The Doctor looked around the TARDIS console room after she had dealt with the fob watch that Tecteun had so thoughtfully and kindly kept in that bell jar in Division's headquarters, grimacing and sighing at the residual damage caused by the Flux; the TARDIS was a Block Transfer construct, the structure of the interior dimensions and the exterior dimensions were made from a very advanced mathematical formula and several replicated materials and ordinary pieces of matter to help the structure grow, but the majority of the computations which helped the TARDIS evolve from a basic space-time event into a TT capsule, its structure was dependent on the universe's existence being constant.

The Flux had corrupted and damaged the universe and damaged the Time Vortex, like a computer virus corrupting a simple Earth computer. It would take the Doctor a while, but she was sure she could restore her beloved ship and long-term companion. She already had a few ideas on how to do it, but the Doctor was aware that when she was finished she would need to find out just how much damage the universe had taken from the Flux; thanks to the TARDIS, the Doctor had reversed time with the help of the Mouri, so as far as the universe was concerned the Flux had been a possibility but the damage was still there, embedded into the universe's structures like scar tissue.
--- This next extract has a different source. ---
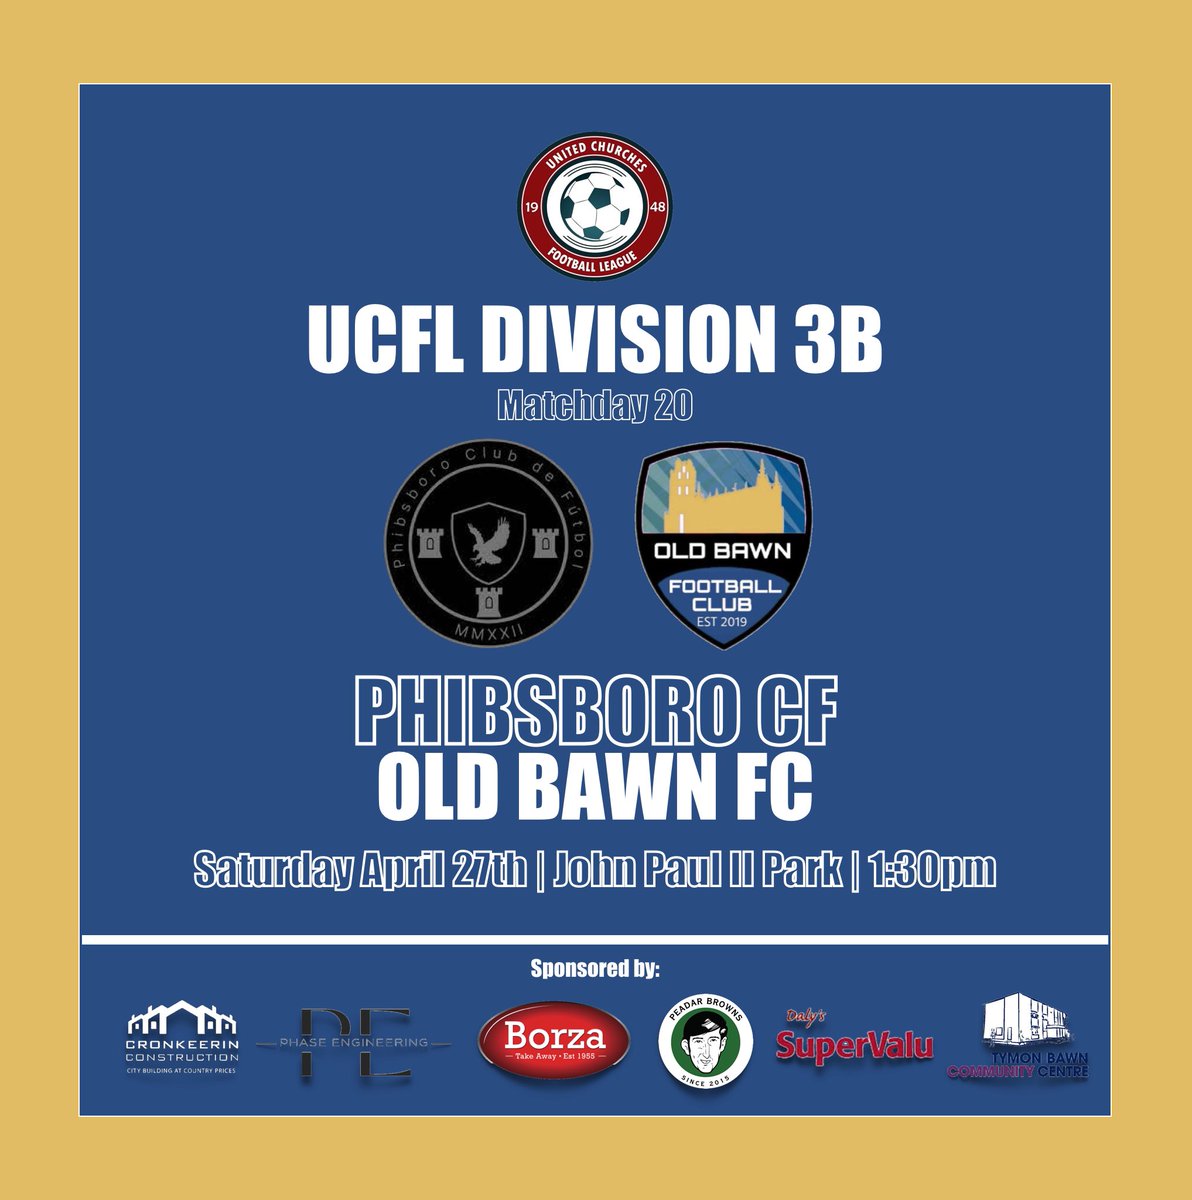 Just one fixture for the club this weekend with our UCFL side in action away to Phibsboro CF.

1:30pm kick off in Cabra, all support welcome! 🔵⚫️ #UpTheBawn

But the Doctor's eyes were drawn to the hatchway in the console where she had just dropped the fob watch containing her memories. It had been so tempting. Just open the watch, get the memories she had been hunting down for so long ever since the day Jack had freed her from that stinking asteroid prison after she had accepted the fact the Master had been telling the truth about the Timeless Child. She might not trust the Master anymore considering what he had done over the centuries since the fallout between them during their time on Gallifrey (it galled her that she could no longer think of the old buzzard, the incarnation who had travelled with Susan and believed that all they needed to do was to look after the girl without thinking about what she might want, or what she would find on her travels as her first life), but there was no way she could dismiss the woman who claimed she was the Doctor in Gloucester, and that encounter with her in the Matrix and then on Atropos when she'd thrown herself into the time stream only confirmed it.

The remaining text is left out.